WORK TO BE COMPLETED: Copy the listing verbatim, excluding any images found in it.

DATASET EXTRACT:
-------------------------

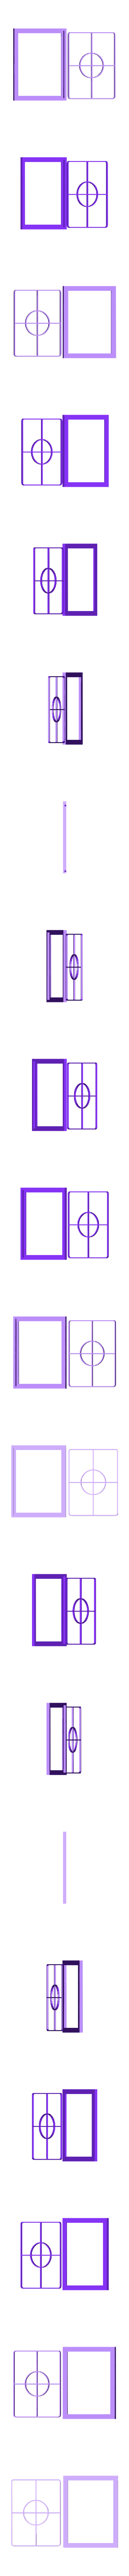 63X85mmPictureFrame.stl Download free STL file 63 x 85mm Picture Frame • 3D printable model, Milan_Gajic
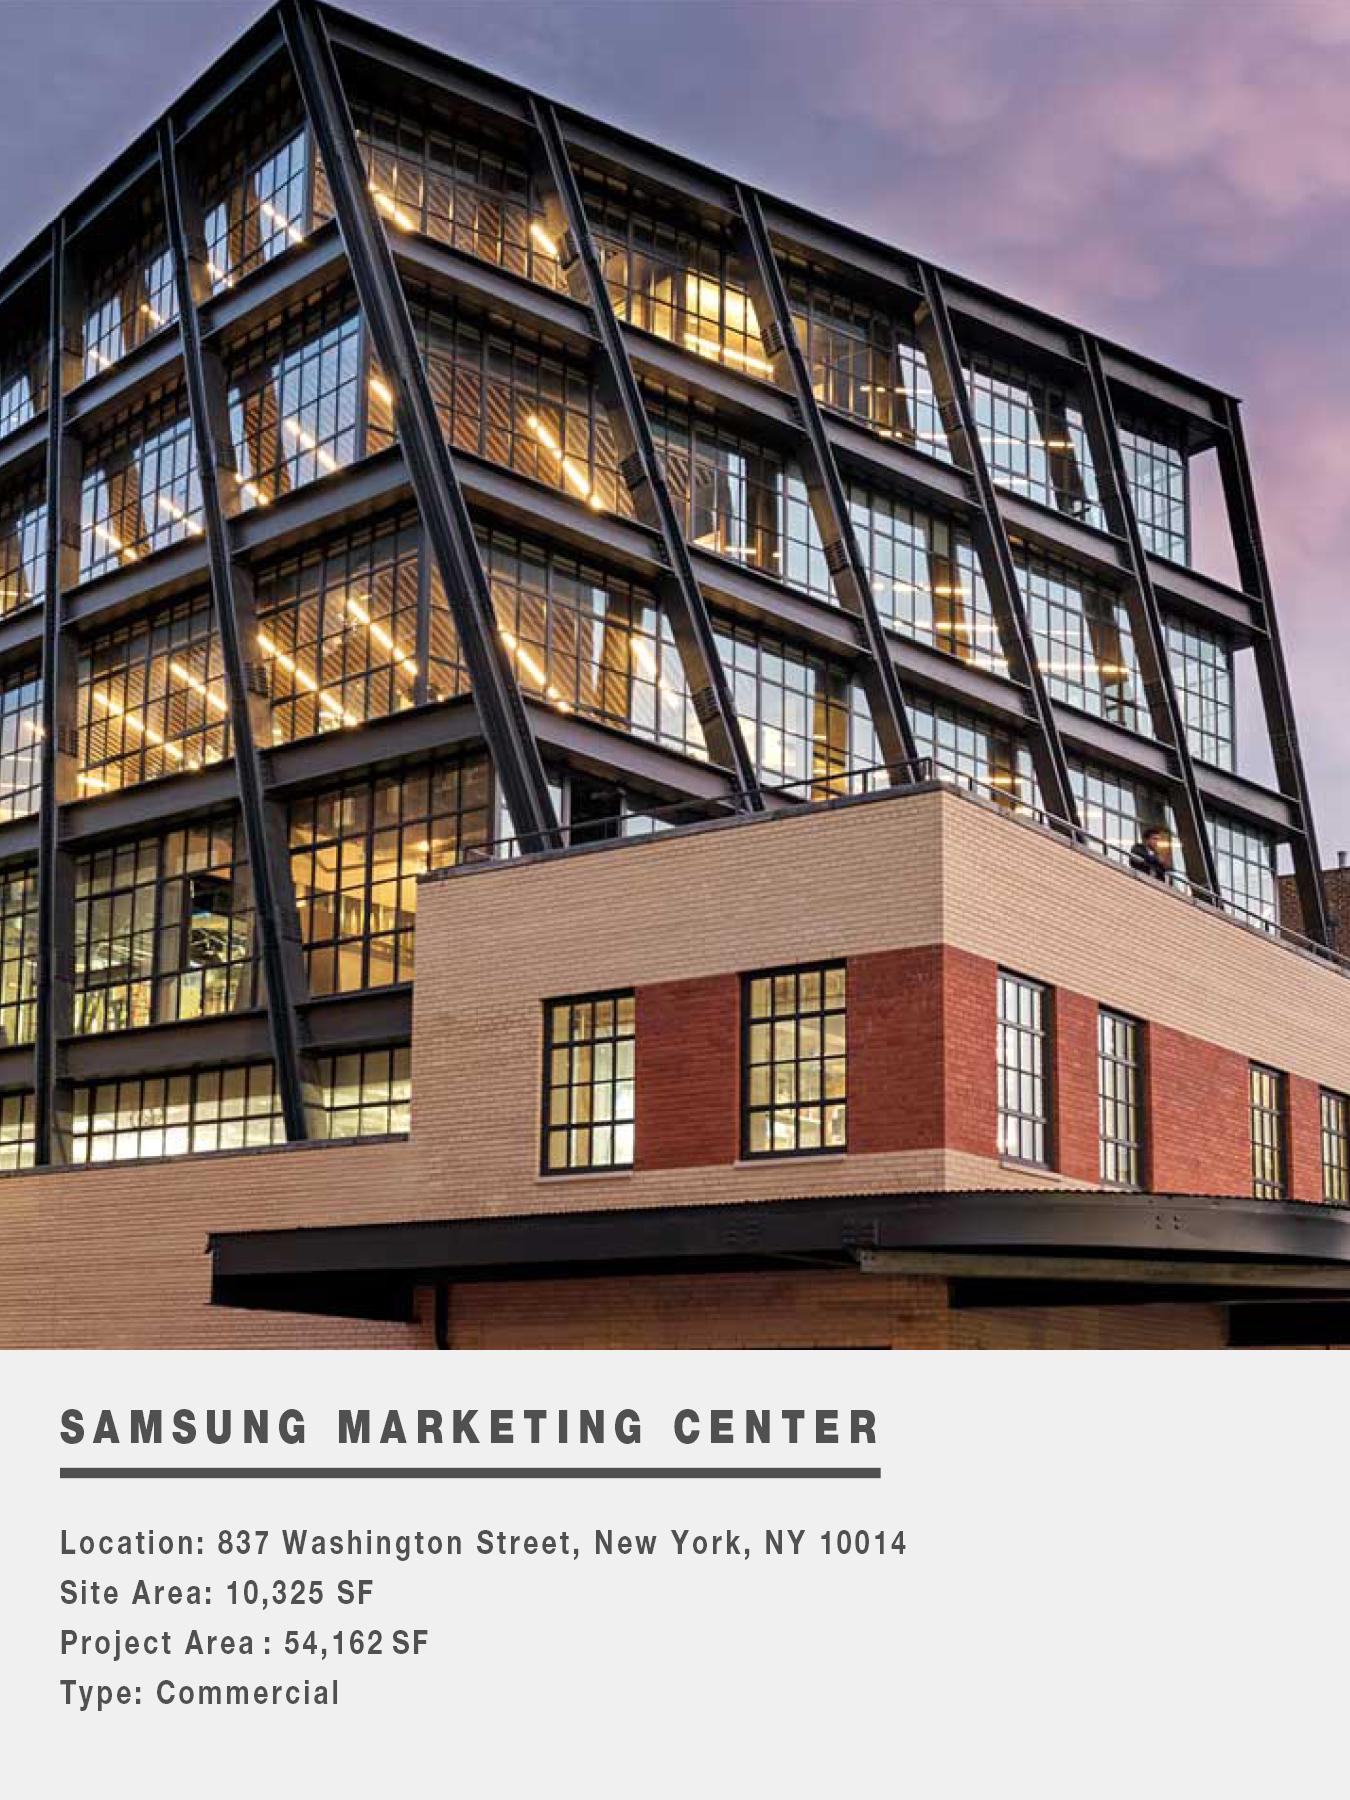 SAMSUNG MARKETING CENTER
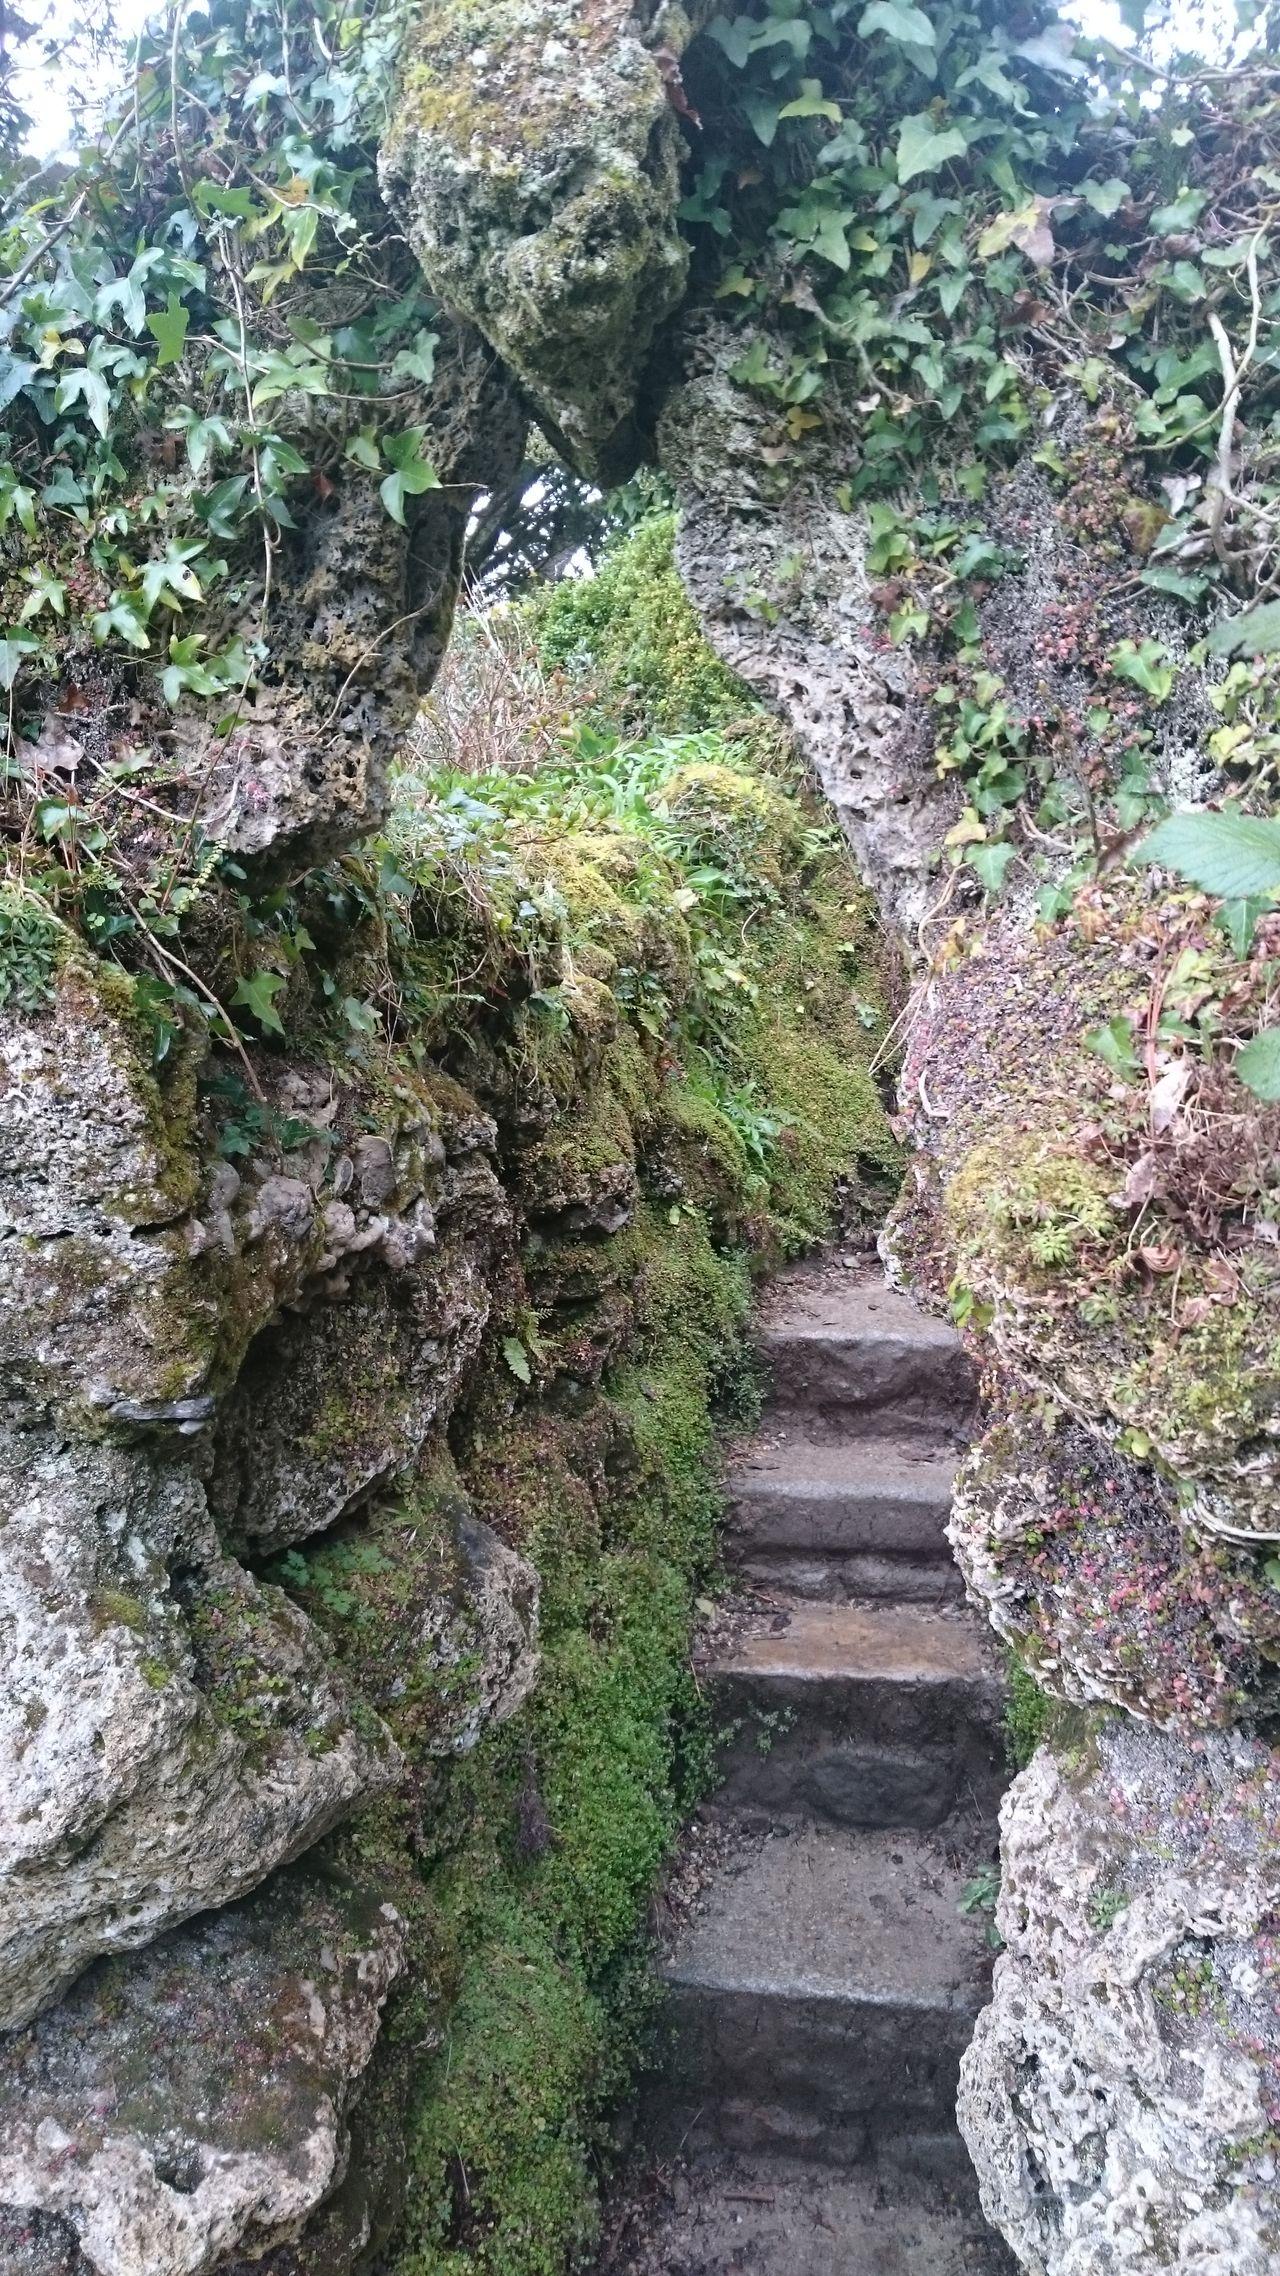 Growth Outdoors Nature No People Beauty In Nature Hiddenface Stone Garden Powerscourt Garden Ireland🍀

-------------------------

SOLUTION TO THIS PROBLEM:
 63X85mmPictureFrame.stl Download free STL file 63 x 85mm Picture Frame • 3D printable model, Milan_Gajic
 SAMSUNG MARKETING CENTER
 Growth Outdoors Nature No People Beauty In Nature Hiddenface Stone Garden Powerscourt Garden Ireland🍀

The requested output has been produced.